As of 2025, the personal loan market is undergoing turbulence amid rising interest rates, altering the borrowing landscape. Personal loans are frequently the flexible option for financing costly events such as weddings, addressing unexpected medical expenses, or debt, because they are typically not secured by collateral. However, as personal loan interest rates in India rise, repaying the loan is increasingly burdensome for borrowers . This article discusses the impact of rising interest rates on borrowers, examines some of the macroeconomic context, and explores strategies for managing loans on a high-cost basis.

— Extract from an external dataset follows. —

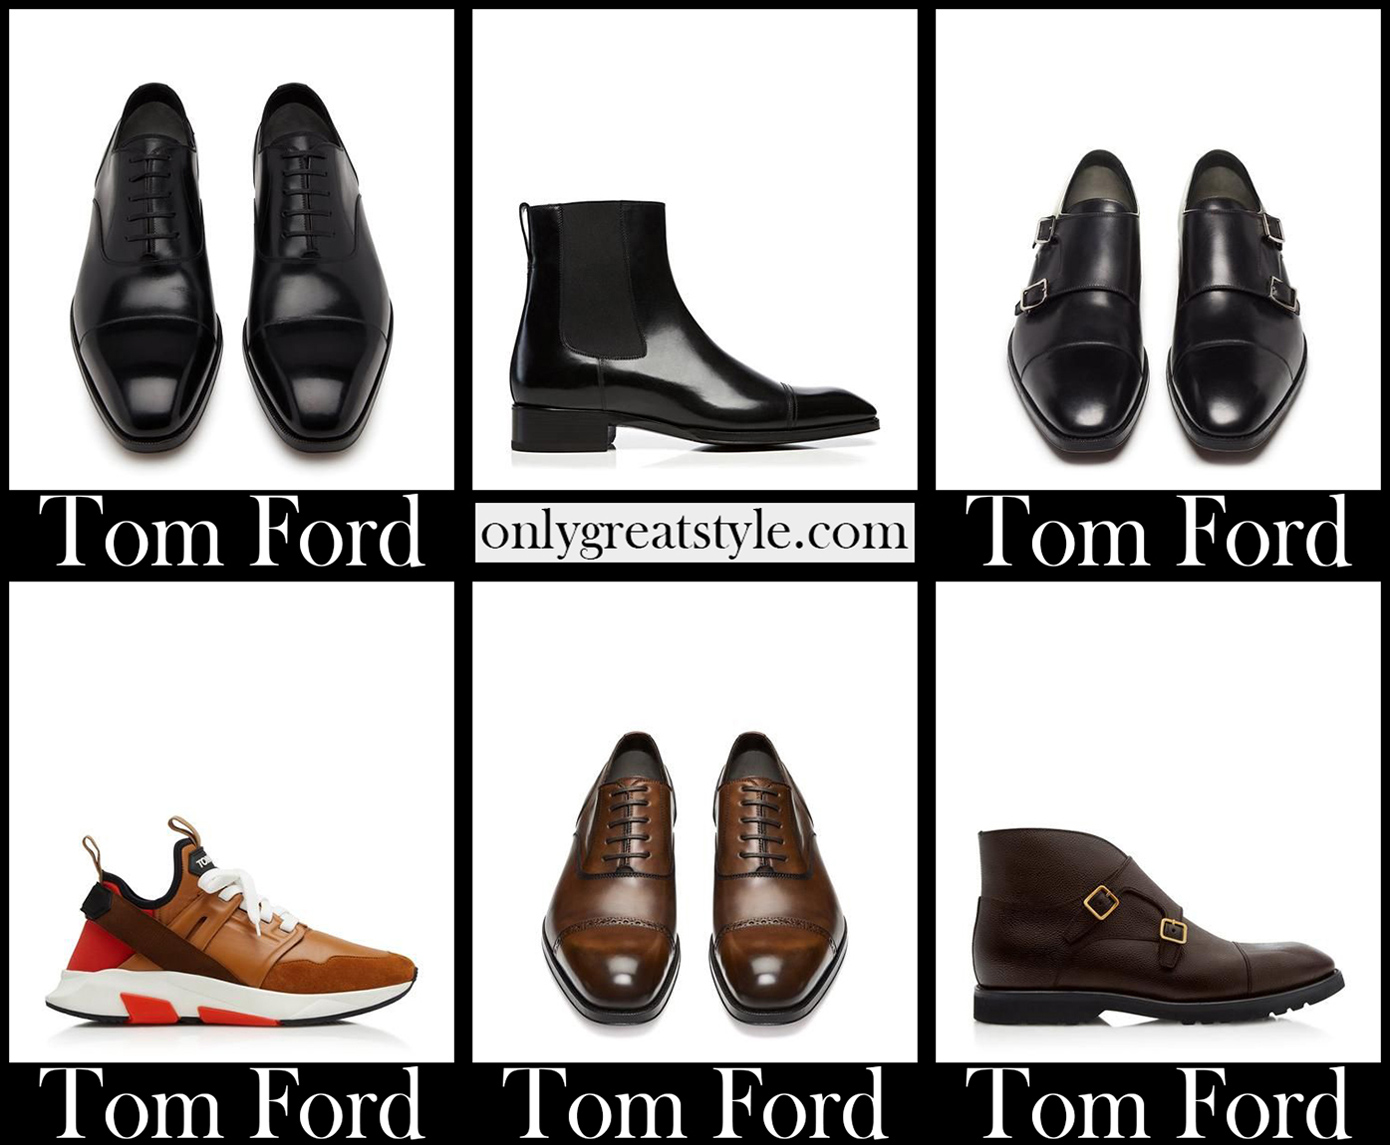 Tom Ford shoes 2021 new arrivals mens footwear

Why Has the Interest Rate Increased?

The Reserve Bank of India (RBI) informs the cost of borrowing by its repo rate, or the rate it lends to banks. In 2025, inflation will increase prices as global supply chain constraints and domestic demand increase. Therefore, the RBI is being careful with rate cuts, and they will take a further hike into consideration if inflation remains a concern. As of early 2025, the RBI kept the repo rate at 6.50% due to continuing inflation risks. The potential for any cuts to rates will depend on the trend of inflation moderating. Expectedly, these decisions from the RBI will impact the Indian personal loan interest rate. The interest rate for a personal loan can typically range between 10.75% and 25%, depending on a borrower’s credit profile and lender policy.

Banks such as HDFC (11%–24%), ICICI (10.9%–17%), and Axis (11.25%–22%) have already raised rates because of funding costs. A rise in personal loan rates means bigger EMIS on your weekly or monthly spending plan, particularly for middle-class households that are likely to take personal loans to finance large purchases.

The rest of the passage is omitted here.